Self-Hosted Transcription
If you prefer not to send audio to a third-party cloud service, you can run a local Whisper server. Two popular options:
Whisper.cpp (fastest on Apple Silicon)
Whisper.cpp is a C++ port of OpenAI Whisper that runs a local HTTP server. It is the fastest self-hosted option on Apple Silicon Macs.
# Clone and build git clone https://github.com/ggerganov/whisper.cpp cd whisper.cpp make # Download a model (base is fast and accurate enough for voice commands) bash ./models/download-ggml-model.sh base.en # Start the server on port 8080 ./server -m models/ggml-base.en.bin --port 8080
Then in Styrby mobile Settings > Voice Input, set:
- Transcription Endpoint:
http://your-mac-ip:8080/inference - API Key: leave blank (no auth required for local server)
Your phone and Mac must be on the same network for a local server to be reachable from the mobile app.
Faster Whisper (Docker)
Faster Whisper uses CTranslate2 for significantly faster inference than the original Whisper model, and is easy to run with Docker.
# Run Faster Whisper with the whisper-asr-webservice image docker run -d -p 9000:9000 -e ASR_MODEL=base onerahmet/openai-whisper-asr-webservice:latest
In Styrby mobile Settings > Voice Input, set the endpoint to:
http://your-server-ip:9000/asr
Configuration Options
All voice settings are under Settings > Voice Input in the Styrby mobile app.
| Setting | Options | Notes |
|---|---|---|
| Input mode | Hold to talk / Toggle | Hold to talk: press and hold the mic button while speaking, release to transcribe. Toggle: tap once to start, tap again to stop. |
| Transcription endpoint | URL string | Must accept multipart/form-data with a file field and return a text response. |
| API key | String | Sent as Authorization: Bearer <key>. Leave blank for unauthenticated local servers. |
| Model | String | Passed as the model field in the form data. Use whisper-1 for the OpenAI API. |
| Language | Auto / ISO 639-1 code | Auto-detect is recommended. Set a specific language code (e.g., en) to improve accuracy for short technical phrases. |
| Request timeout | 5 to 30 seconds | Increase if transcription requests fail on slow connections or for longer recordings. |
Troubleshooting
No transcription returned
- Confirm the endpoint URL is correct and reachable from your phone. Open a browser on the same network and navigate to the URL to check connectivity.
- Check that the API key is valid. For OpenAI, verify the key has not been revoked in the API Keys dashboard.

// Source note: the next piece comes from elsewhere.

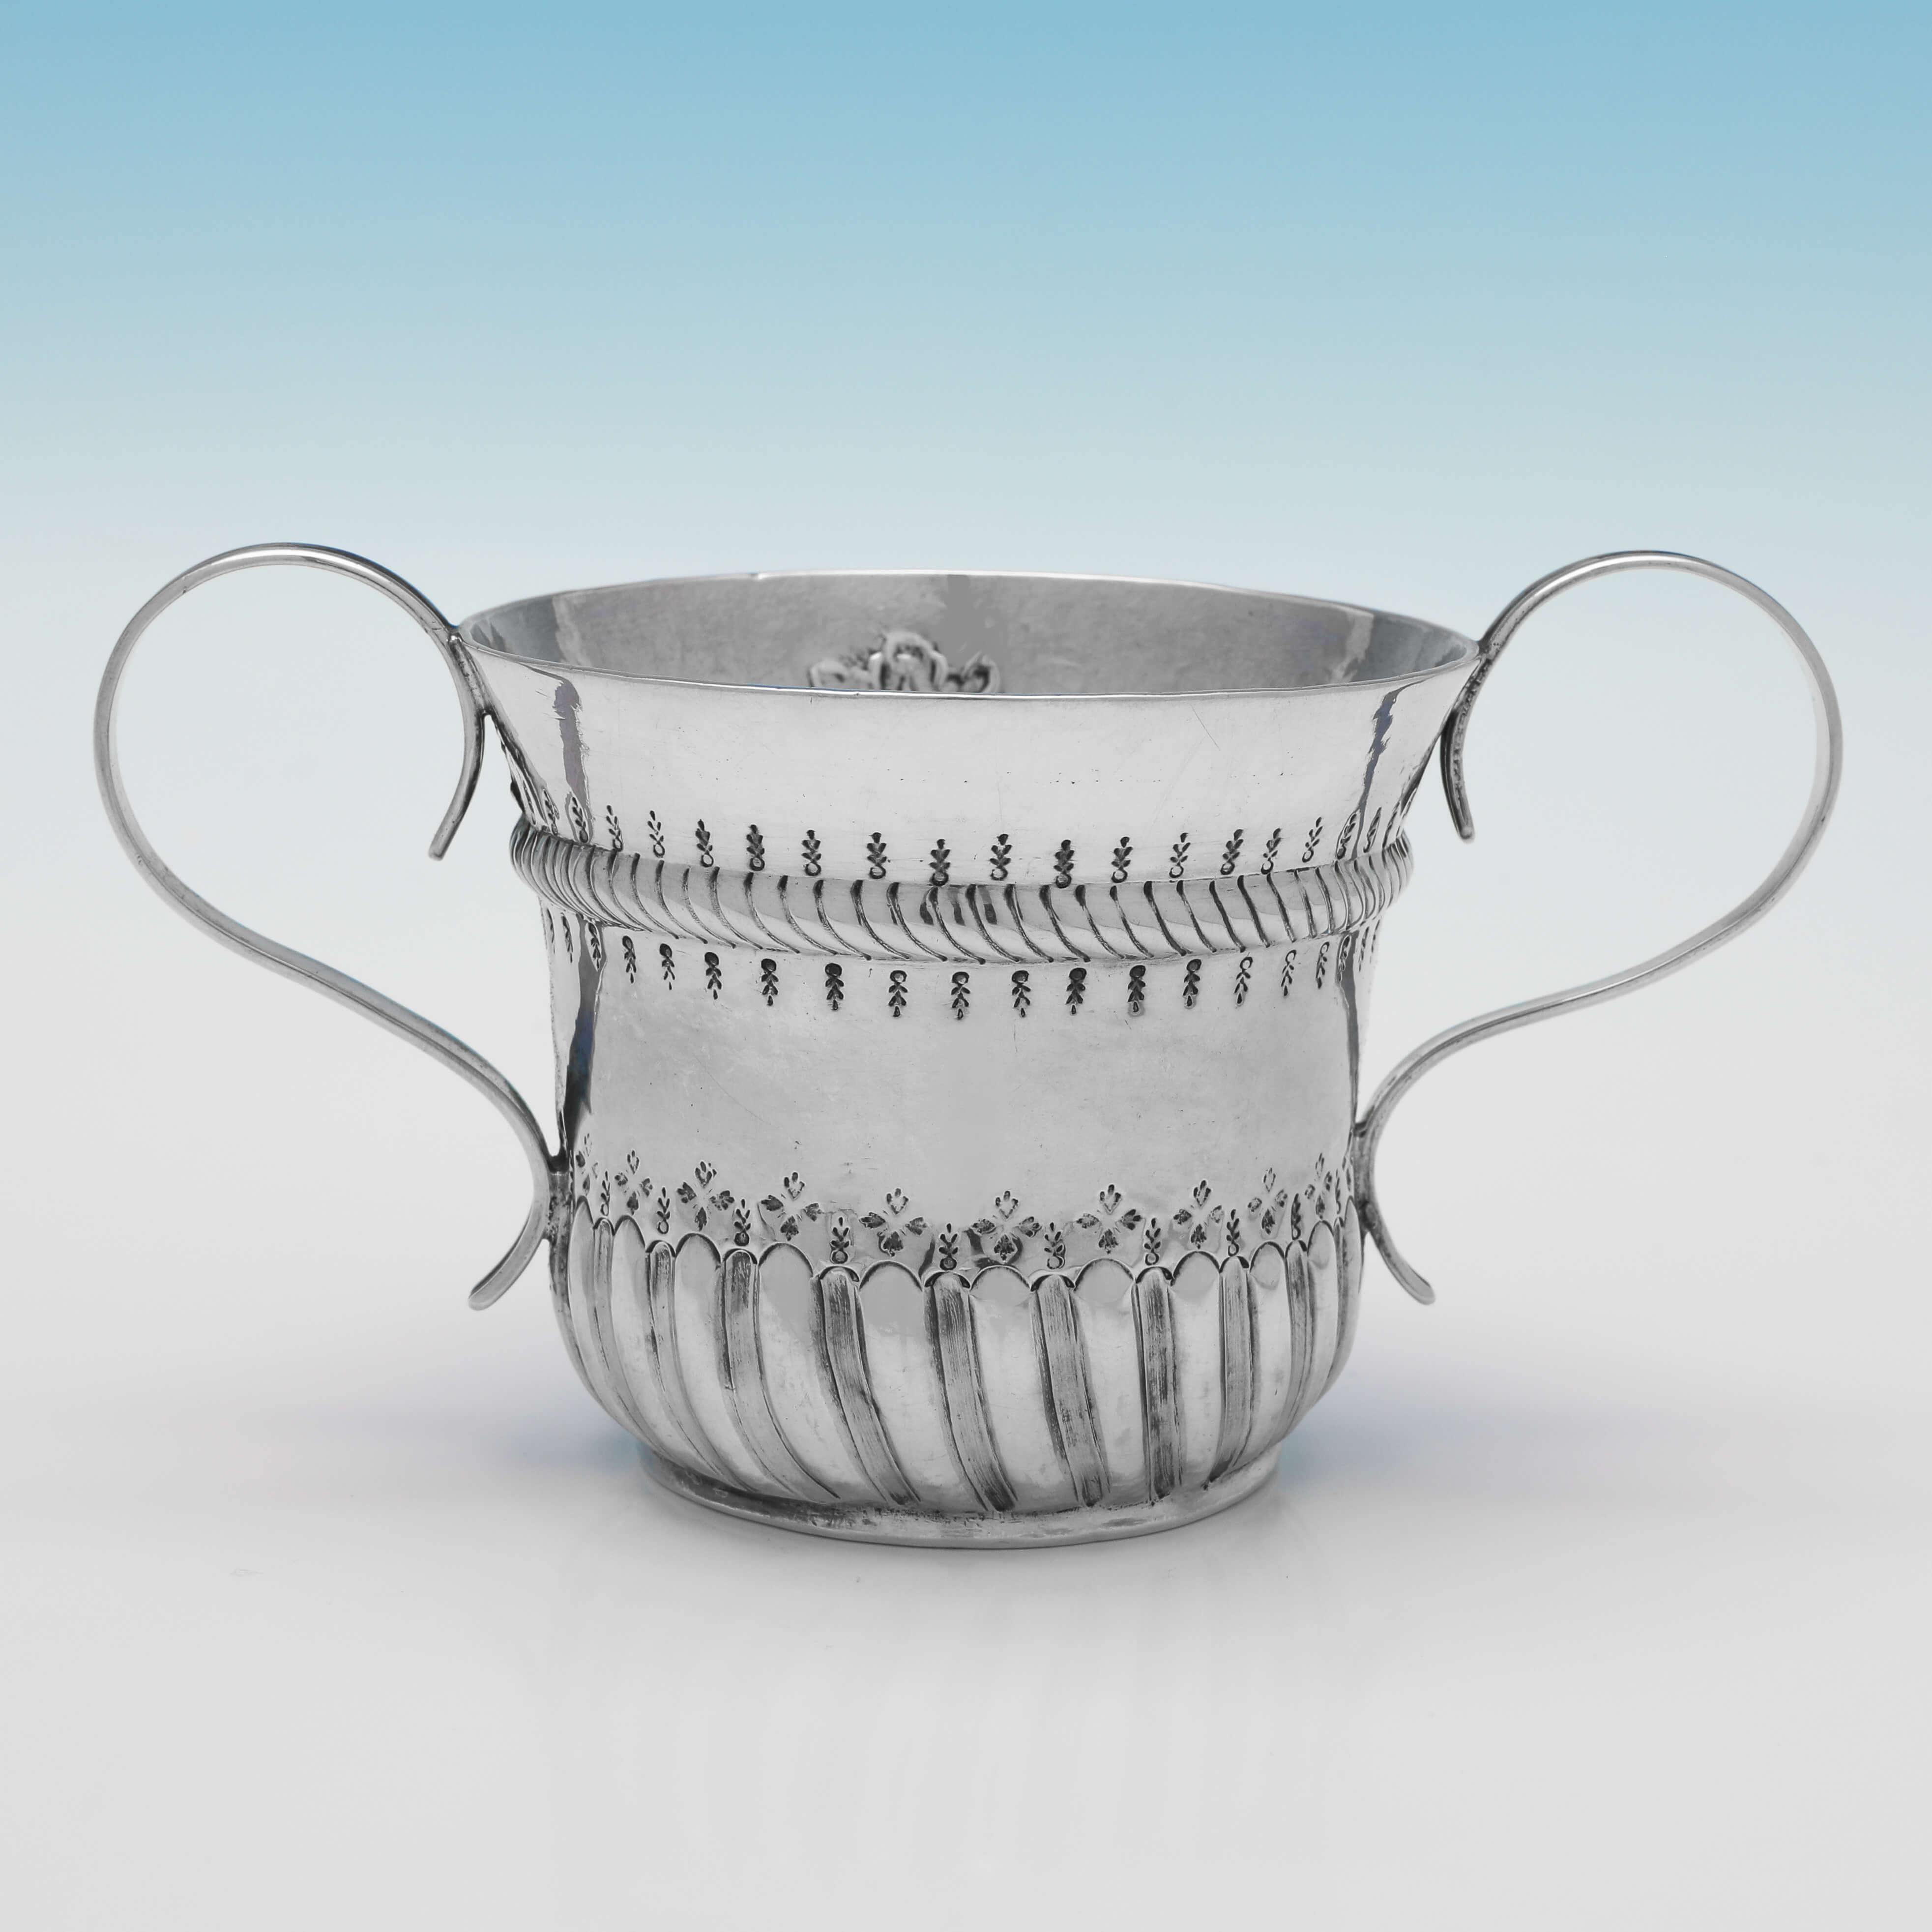 Hallmarked in London in 1733 by Gabriel Sleath, this attractive, George II, Antique Sterling Silver Porringer, is of traditional form and design. The porringer measures 3.25

- Confirm microphone permission is granted to the Styrby app in your phone's system settings (Settings > Styrby > Microphone).

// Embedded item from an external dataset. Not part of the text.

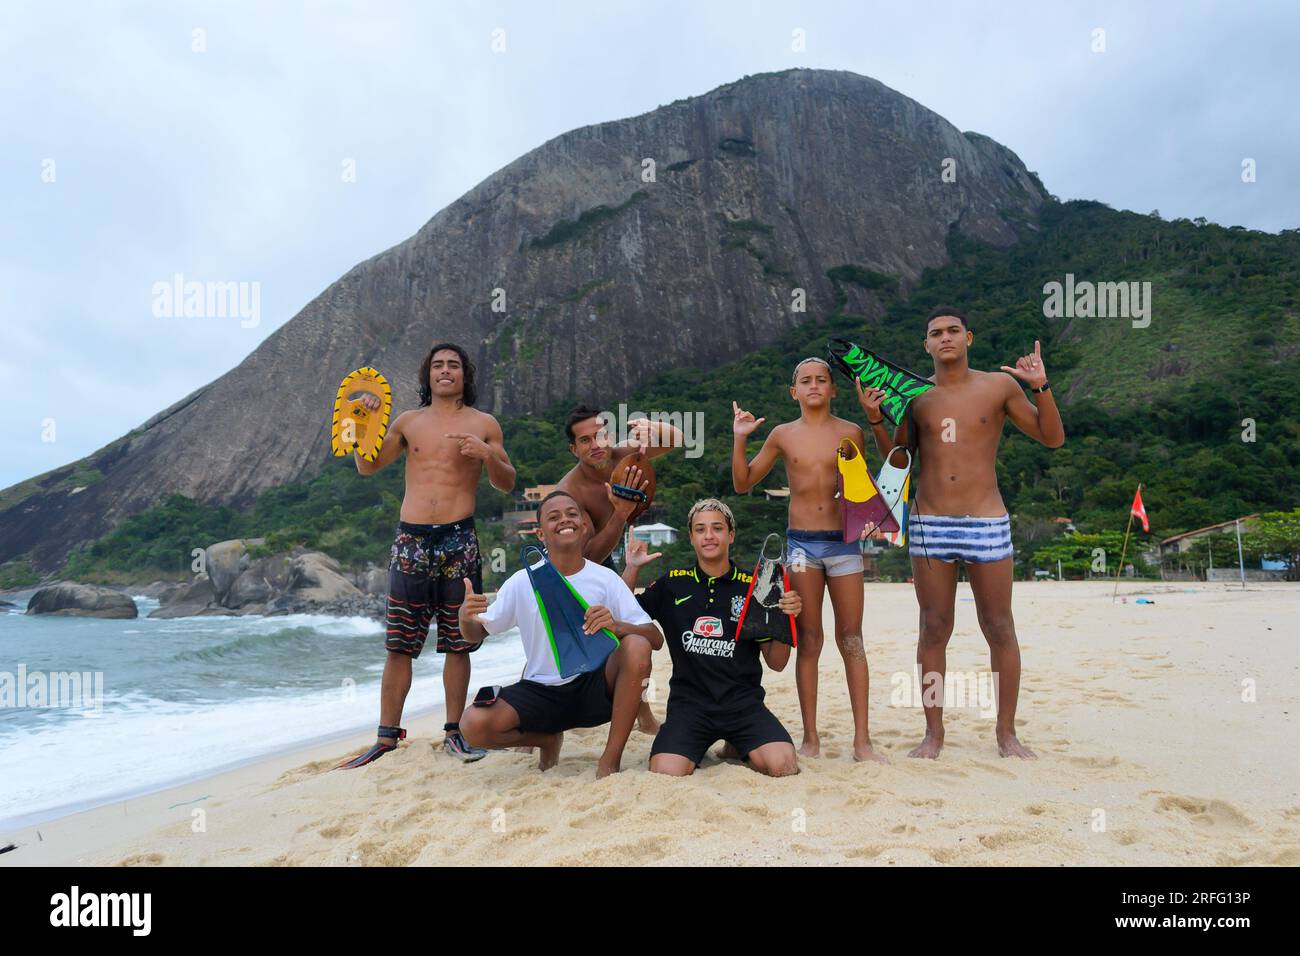 Niteroi, Brazil, Candid portrait of a group of young Brazilian people enjoying the beach. Stock Photo

Garbled or inaccurate transcription
- Speak clearly and at a moderate pace. Background noise significantly reduces accuracy.
- Set a specific language code in Settings > Voice Input > Language instead of using auto-detect. Technical jargon like variable names and framework names transcribes more accurately with a known language hint.
- If using a self-hosted model, try a larger model variant (e.g.,
smallormediuminstead ofbase).
Request timeout
- Increase the timeout in Settings > Voice Input > Request Timeout. A 10-second timeout is usually enough for cloud services. Self-hosted servers on first load may need up to 20 seconds while the model warms up.
- For self-hosted servers, confirm the server is running and not sleeping. Containers on low-memory hosts sometimes get killed under load.
Voice Input option not available
Voice Input requires the Pro or Growth tier. If the setting is grayed out, upgrade your plan from Settings > Plan in the mobile app or from the Pricing page on the web dashboard.